REQUIRED ACTION: All lines below must be repeated exactly, with the pictures omitted.

DATA BELOW:
□ □ □ □ □ □ □

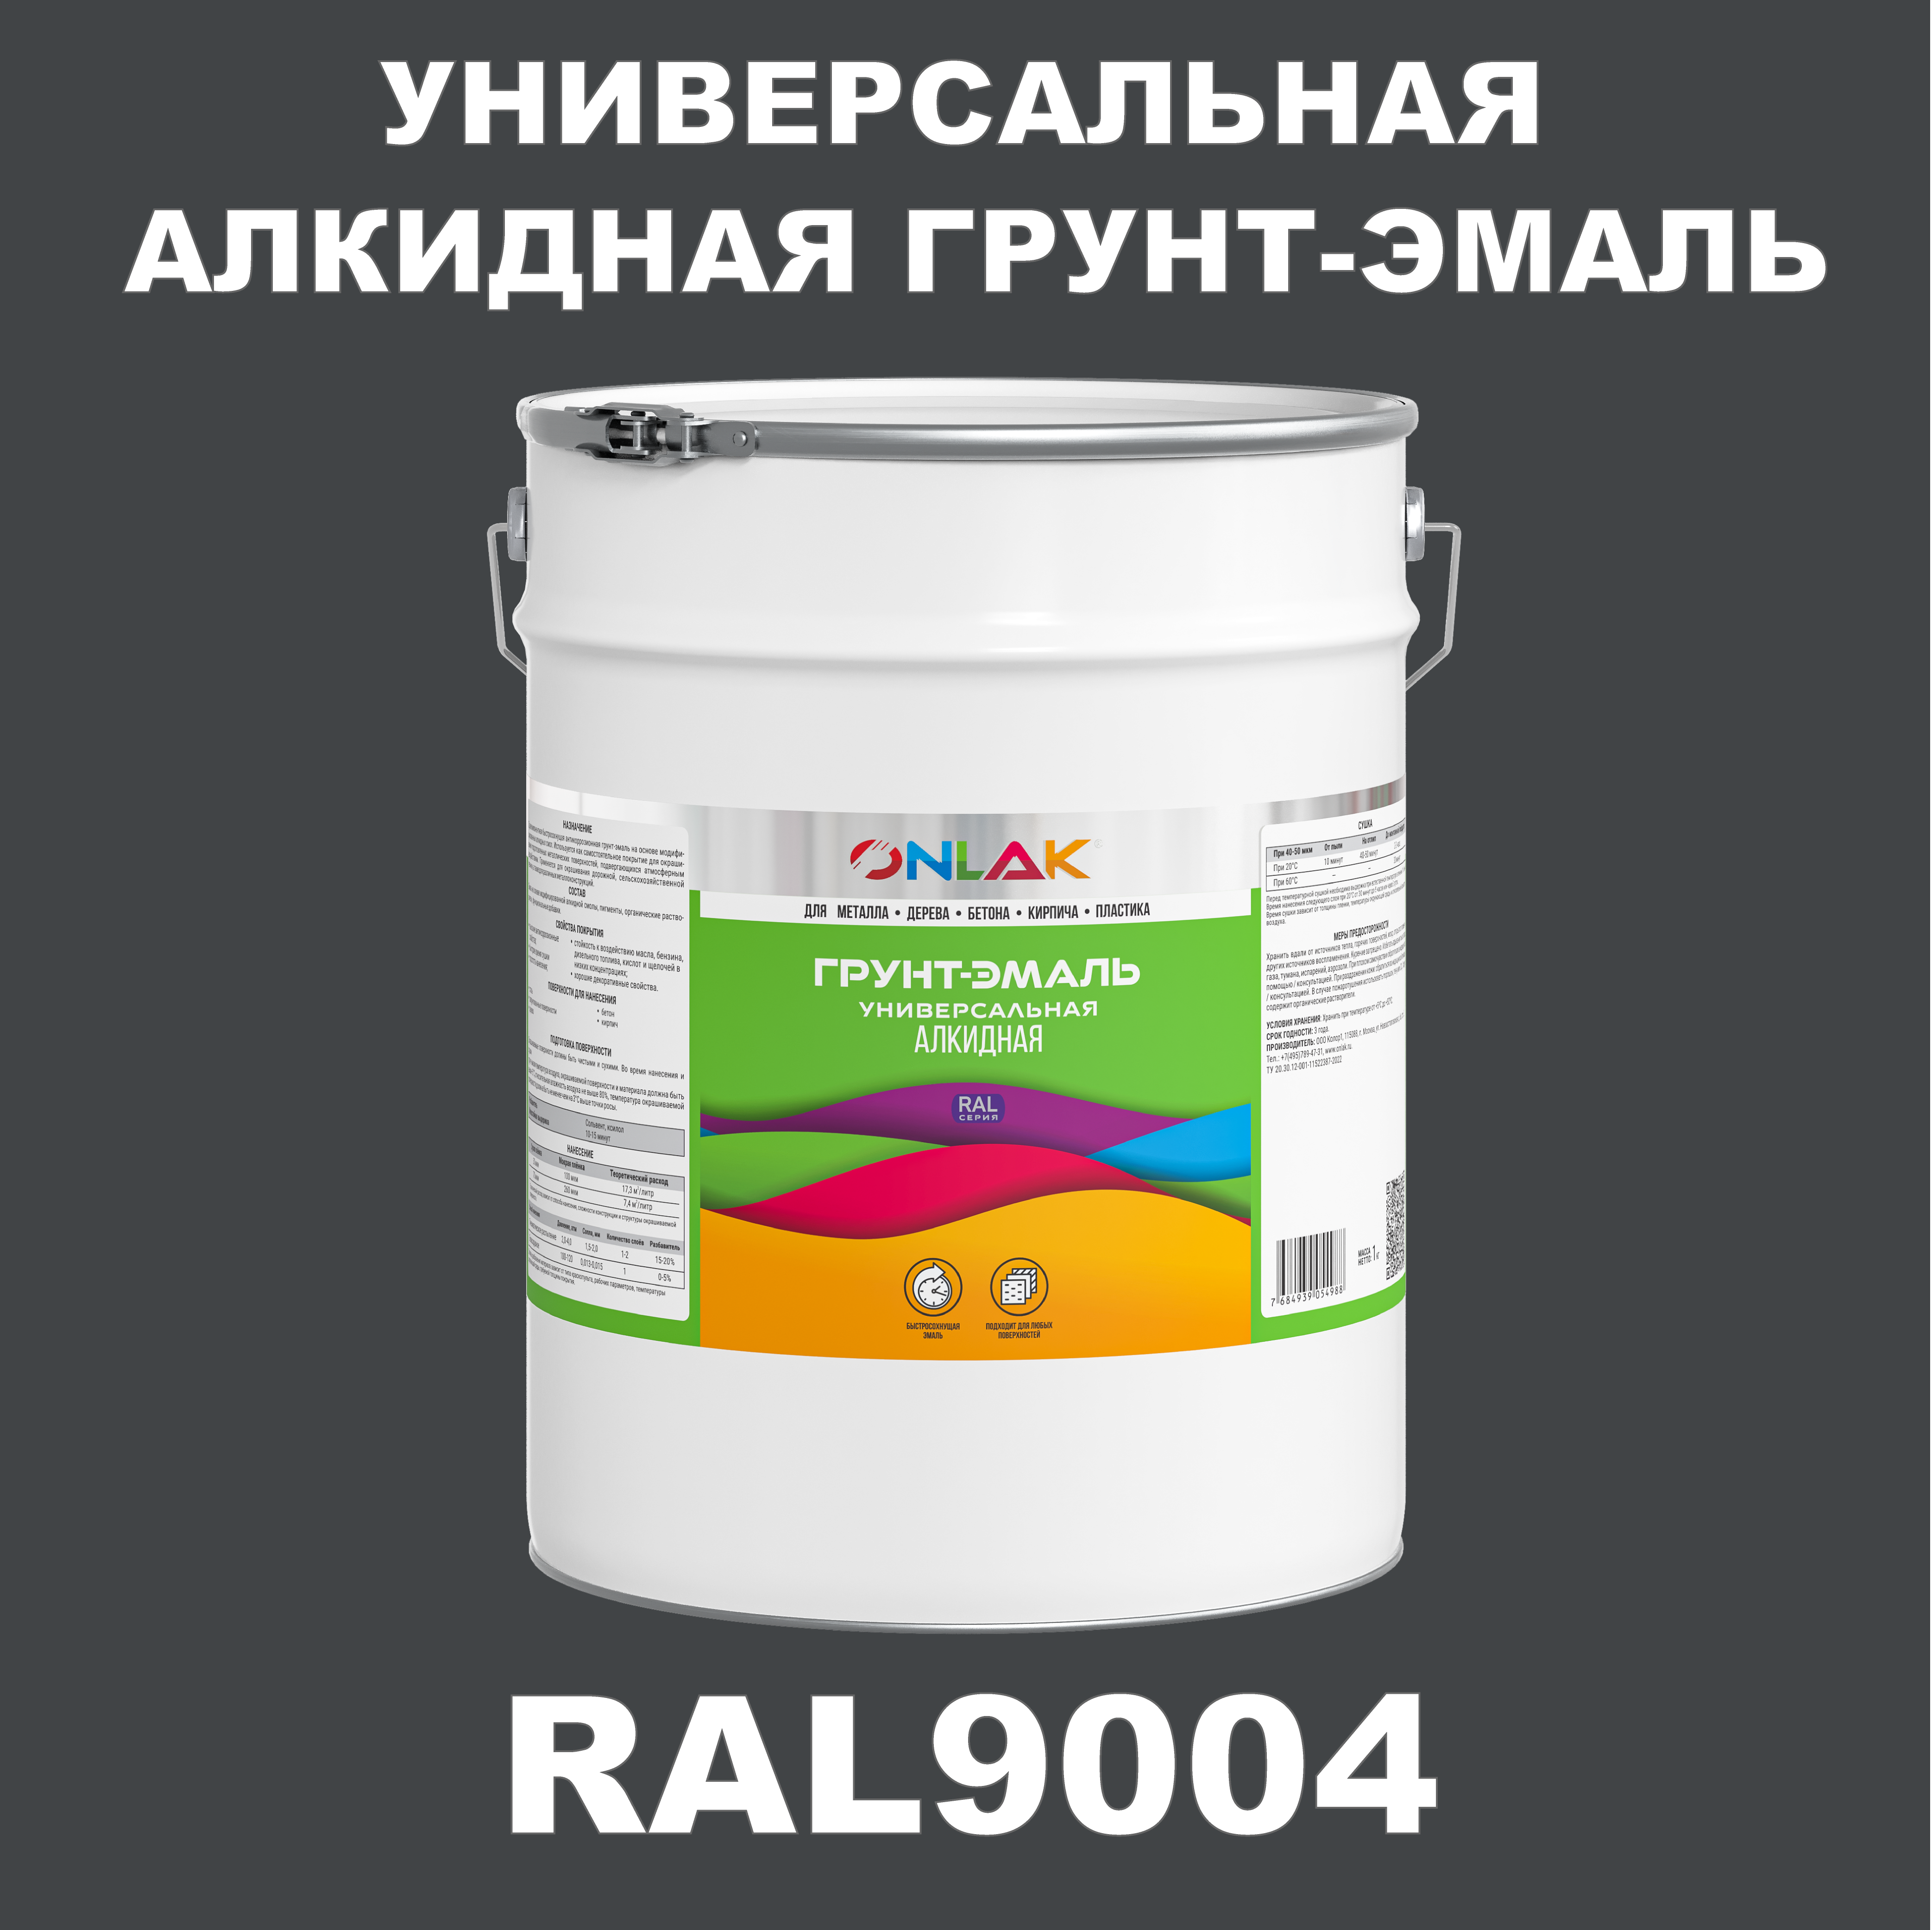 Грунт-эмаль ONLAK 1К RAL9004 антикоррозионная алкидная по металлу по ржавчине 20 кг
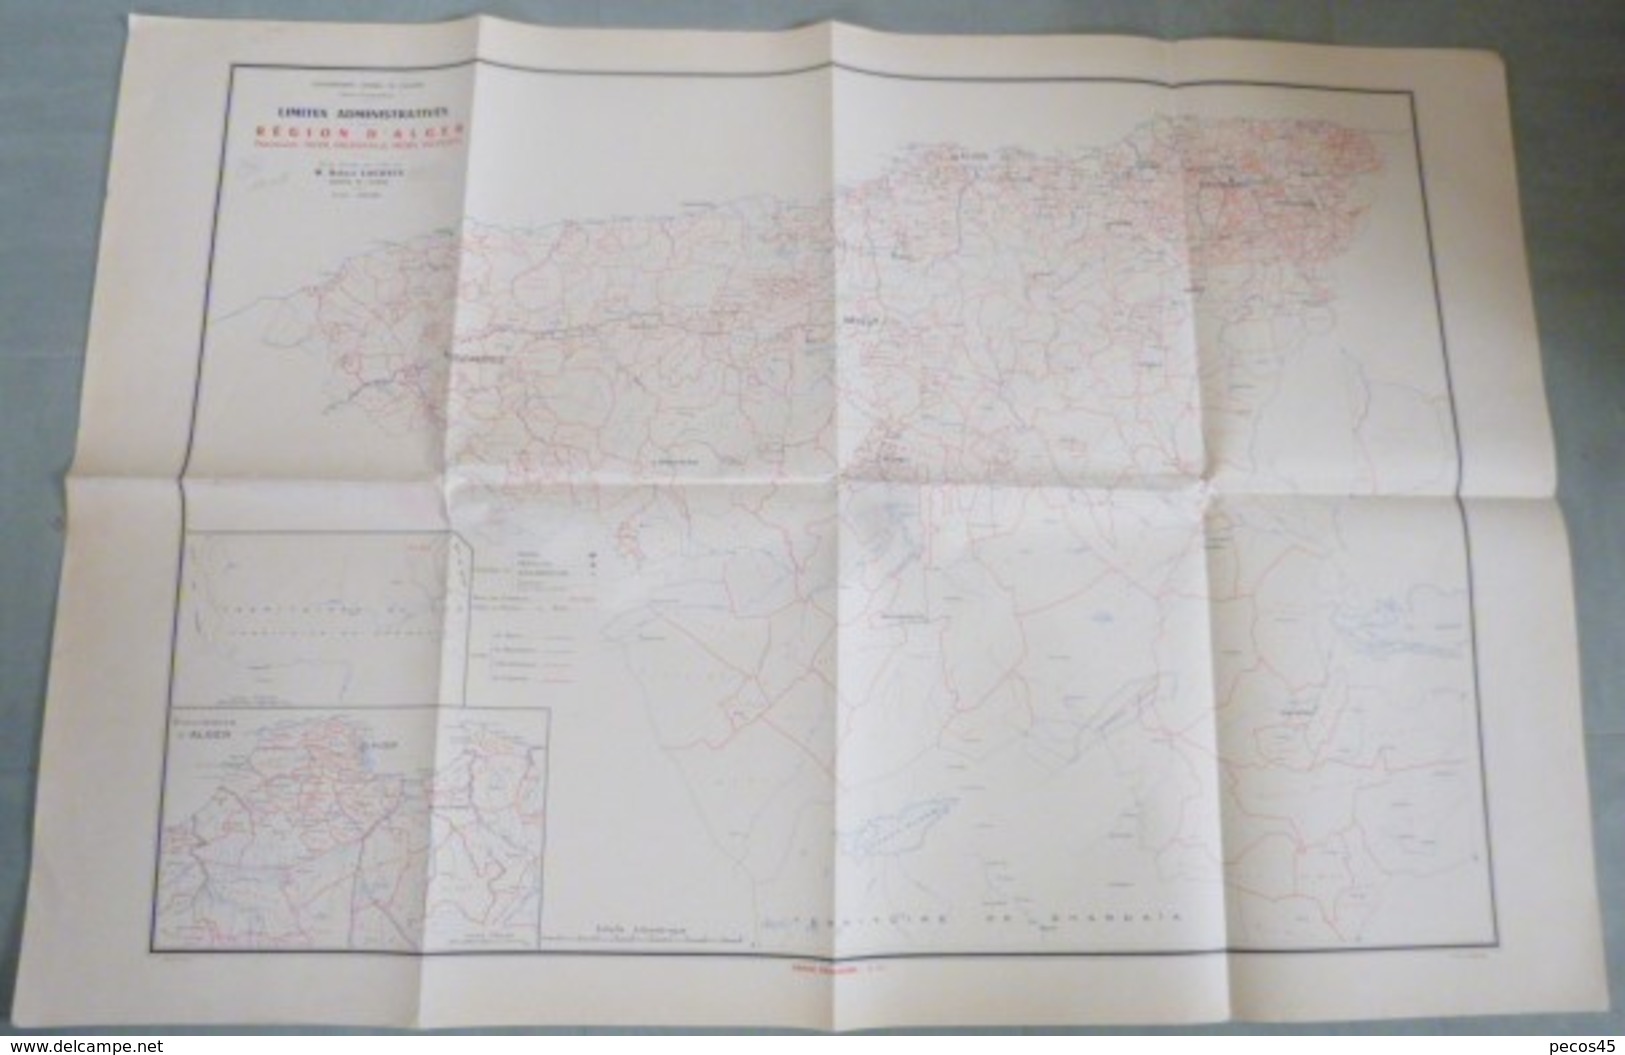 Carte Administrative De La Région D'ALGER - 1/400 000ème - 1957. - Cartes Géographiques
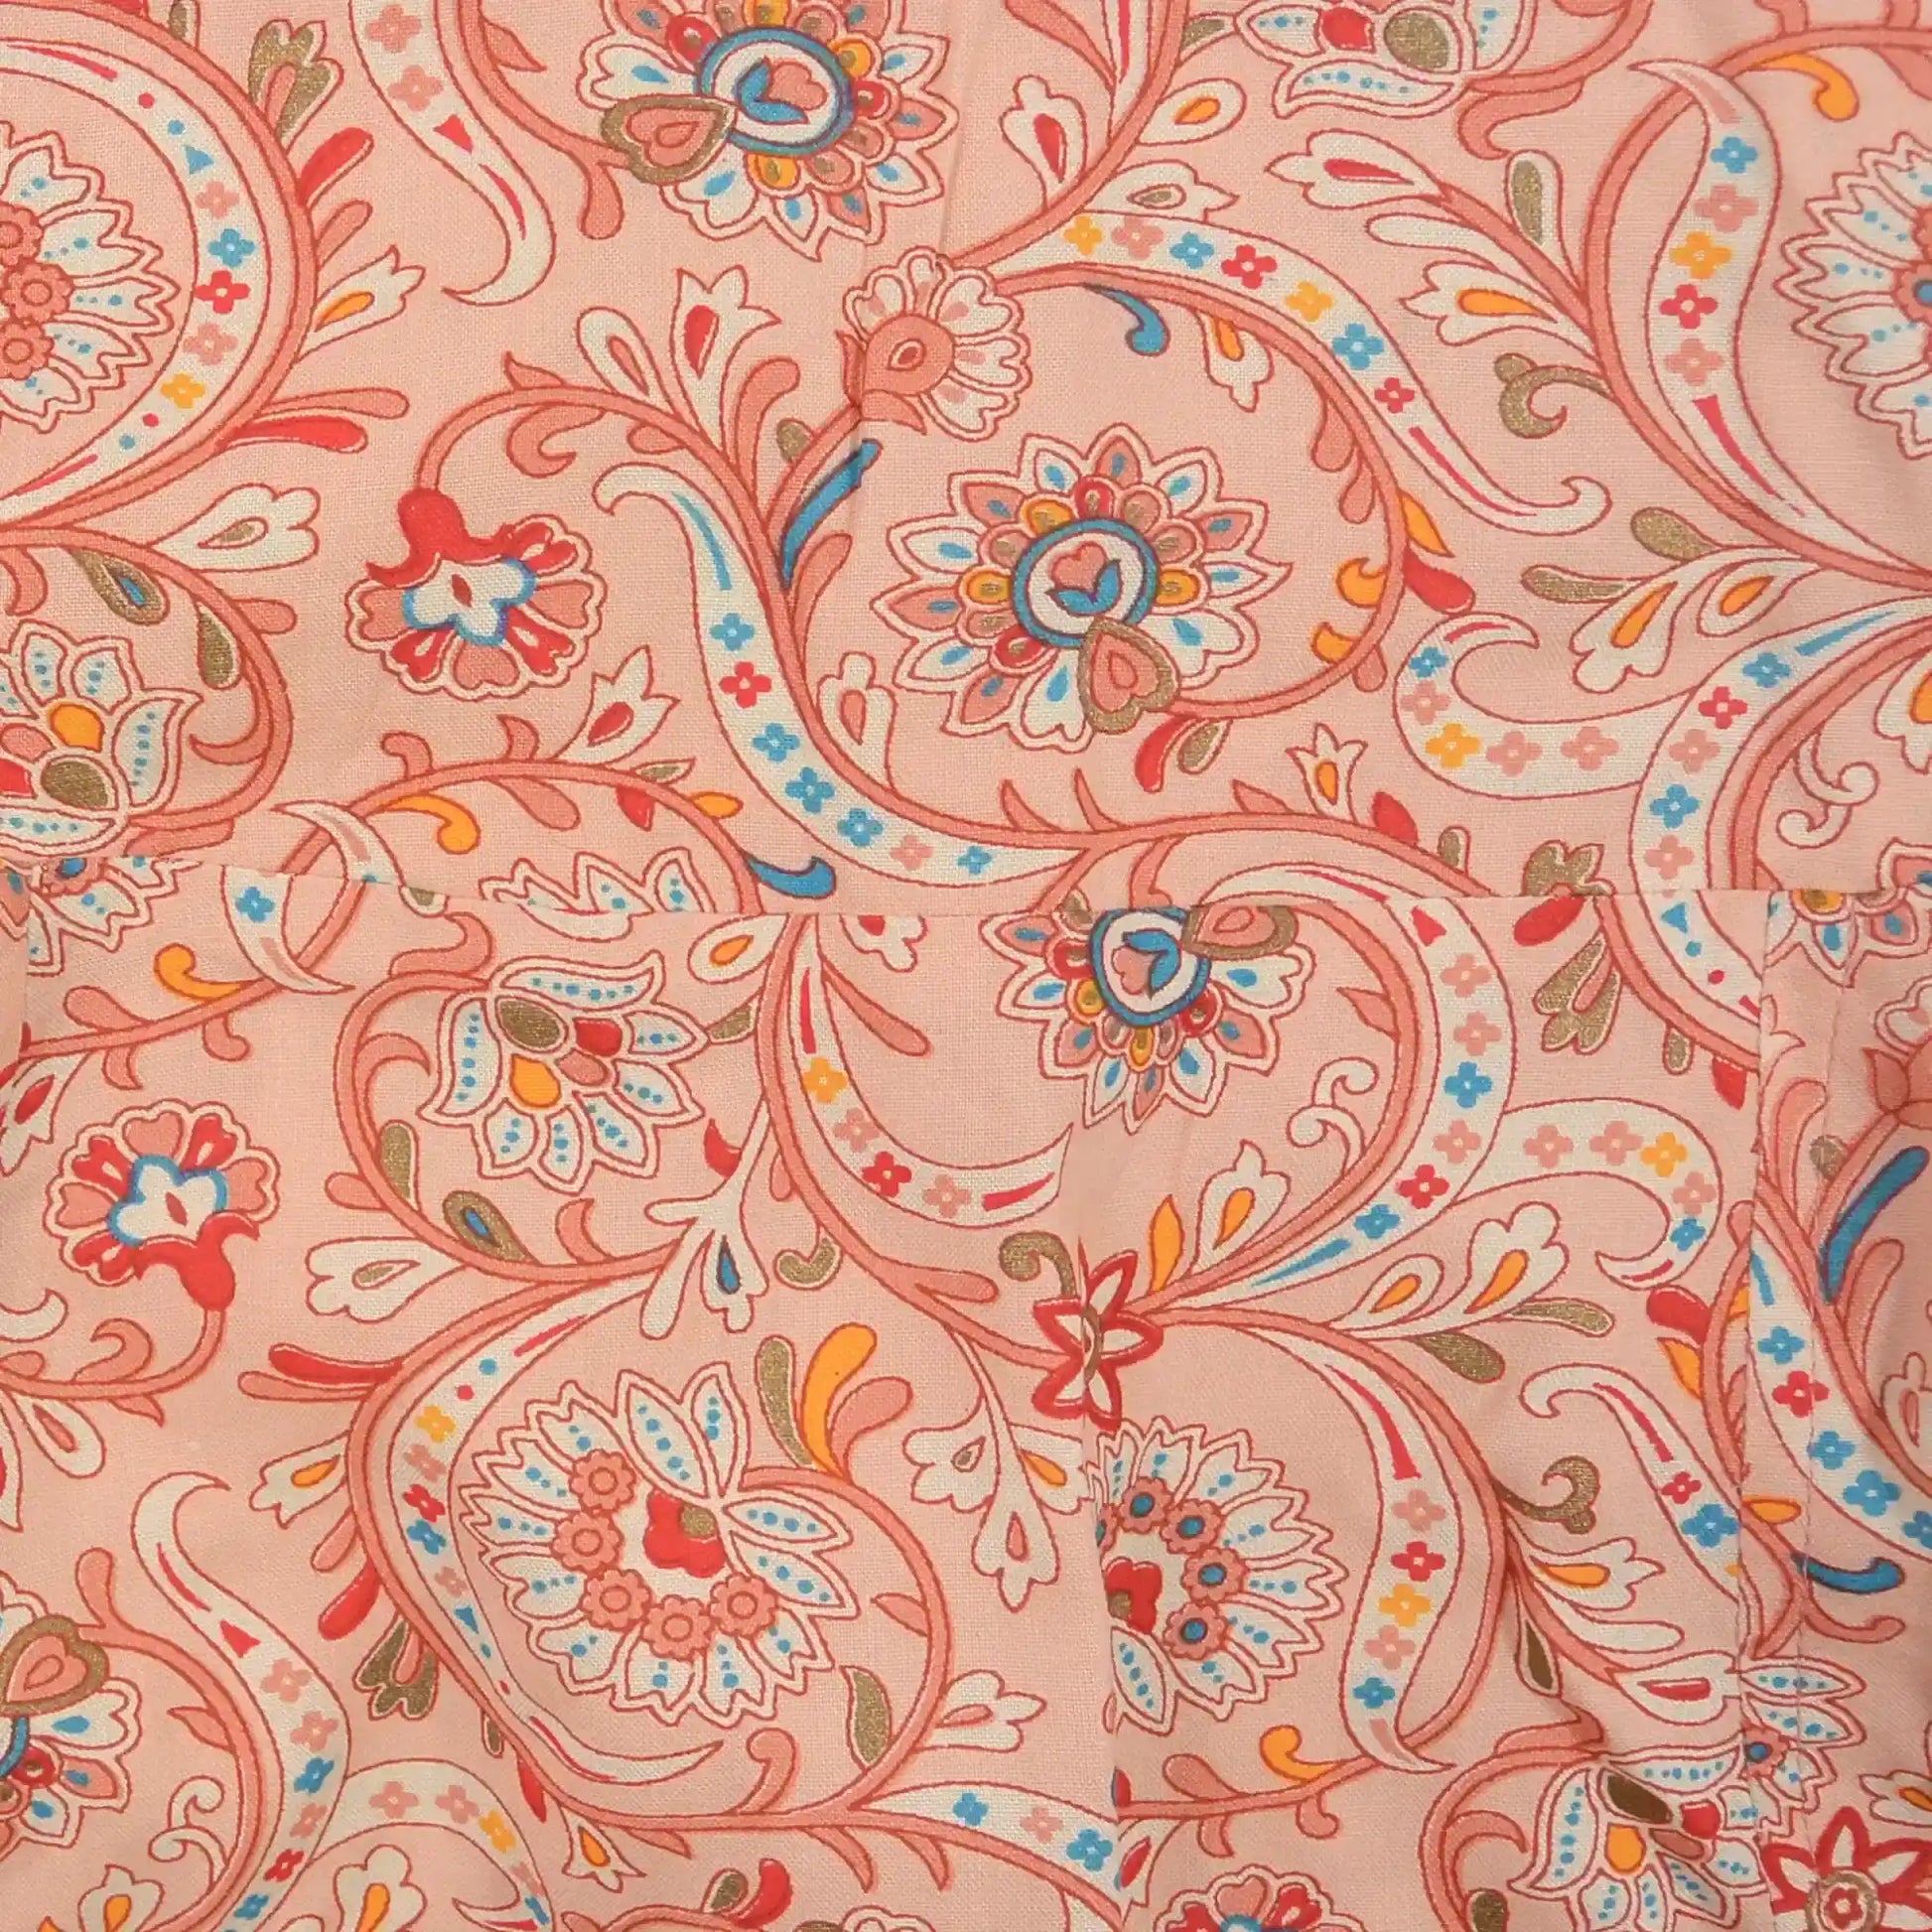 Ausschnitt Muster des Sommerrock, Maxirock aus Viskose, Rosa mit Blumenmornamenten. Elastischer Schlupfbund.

□ □ □ □ □ □ □

ANSWER:
 Грунт-эмаль ONLAK 1К RAL9004 антикоррозионная алкидная по металлу по ржавчине 20 кг
 Carte Administrative De La Région D'ALGER - 1/400 000ème - 1957. - Cartes Géographiques
 Ausschnitt Muster des Sommerrock, Maxirock aus Viskose, Rosa mit Blumenmornamenten. Elastischer Schlupfbund.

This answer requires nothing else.